The Way for Foreign Investments Entering Pawn Industry in China
December 2, 2012 By Amaris Law
In August 2012, the Ministry of Commerce of PRC (COFCOM) has issued the Regulatory Requirements on the Pawn Industry (draft) for collecting opinions from the public (“Requirements”). Such Requirements tighten the control on the regulations of Pawn Industry. However, in view of the rapid growth of such an industry in recent years, this article will discuss the chance, feasibility and way of foreign investments entering this industry and sharing its prosperity.
1. Legal requirements of the pawn industry in China
The Measures for the Administration of Pawning (issued on 2005, “Measures”) and the Requirements constitute the entrance requirements for pawning company as follows:
The major threshold of entering the pawn industry in China includes:
a. The holding shareholder of the pawn company should be a legal entity and all its natural person shareholders, if any, should be Chinese citizens over 18 years old with good credit and no records of crimes.
b. The corporation should attain the Licence of Pawn Business approved by the Ministry of Commerce.
c. The registered capital should exceed 3,000,000 RMB; for companies involved in real estate pawn business, the minimum amount of registered capital is 5,000,000 RMB; and for those engaged in business of pawning property rights, the least amount is 10,000,000 RMB.
The financing issues of a pawn company:
a. The legal source of corporate capital is restricted to:
ⅰ. Registered capital approved by relevant authorities;
ⅱ. Operating surplus within the pawn company;
ⅲ. Loans and mortgages from business banks.
b. Regulations have required that the legitimacy of source of capital should be strictly verified by local authorities to avoid borrowed funds or illegal funds. Among other things, there is an annual verification focused on the corporate funds, shareholders and business within the year.

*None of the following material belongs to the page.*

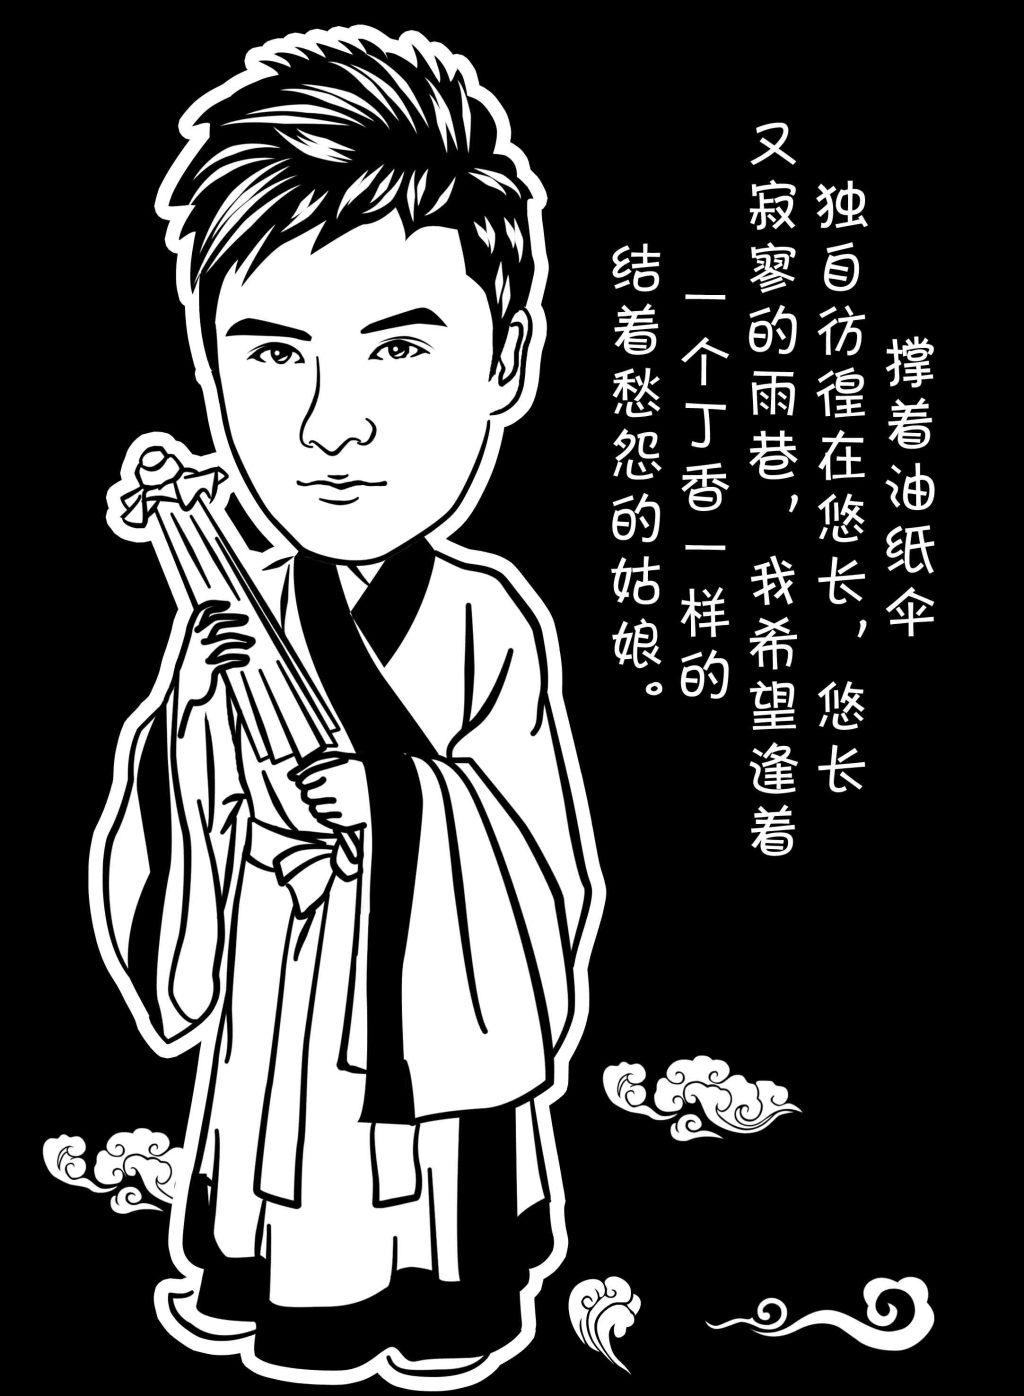 许仙黑白简笔画配诗词 许仙黑白简笔画配诗词免费下载 爱情 雕刻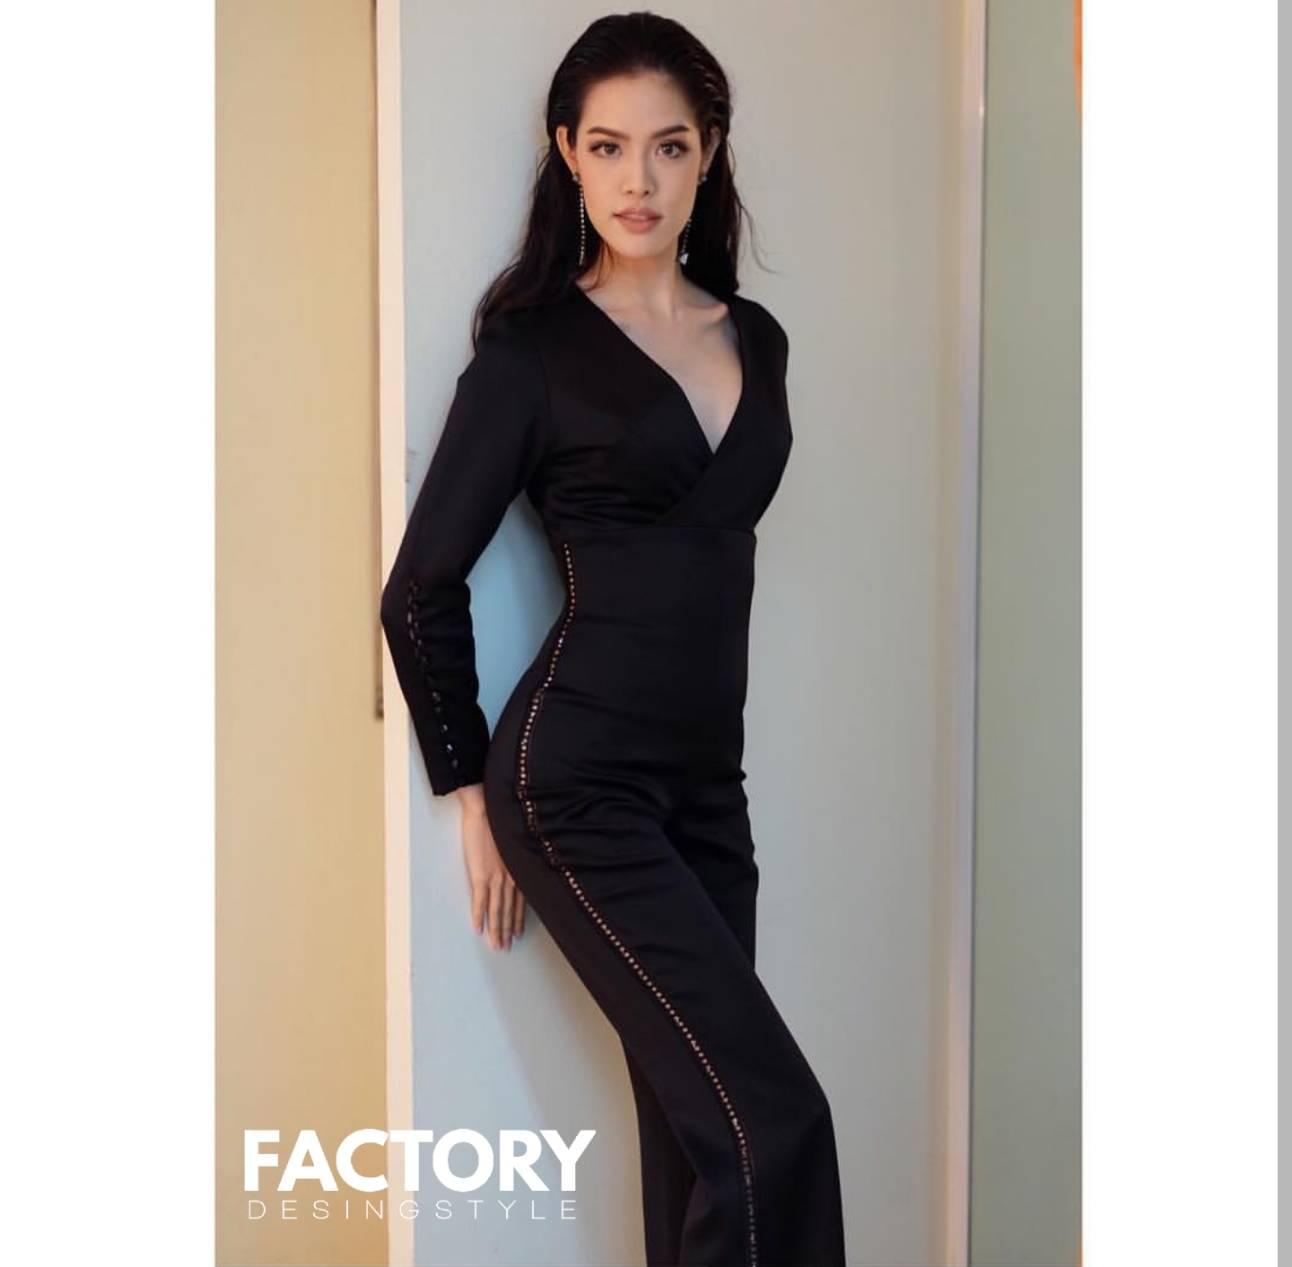 เสื้อผ้าเกาหลี พร้อมส่ง จั้มสูท ผ้าดีมากค่า

2. Model of VIE (Variable interest entities)
In China, there are a number of industries (not yet monopolized) that are solely available to domestic investments, or in other words, in which foreign investments are banned for entry in light of government policies. Despite that, foreign investments still have a chance to enter those industries by applying a somewhat complicated technical method called VIE, which will enable them to make some profits from the business even before the open-up of the industry and take the lead or at least be at an advantage once the policy allows foreign investments to enter.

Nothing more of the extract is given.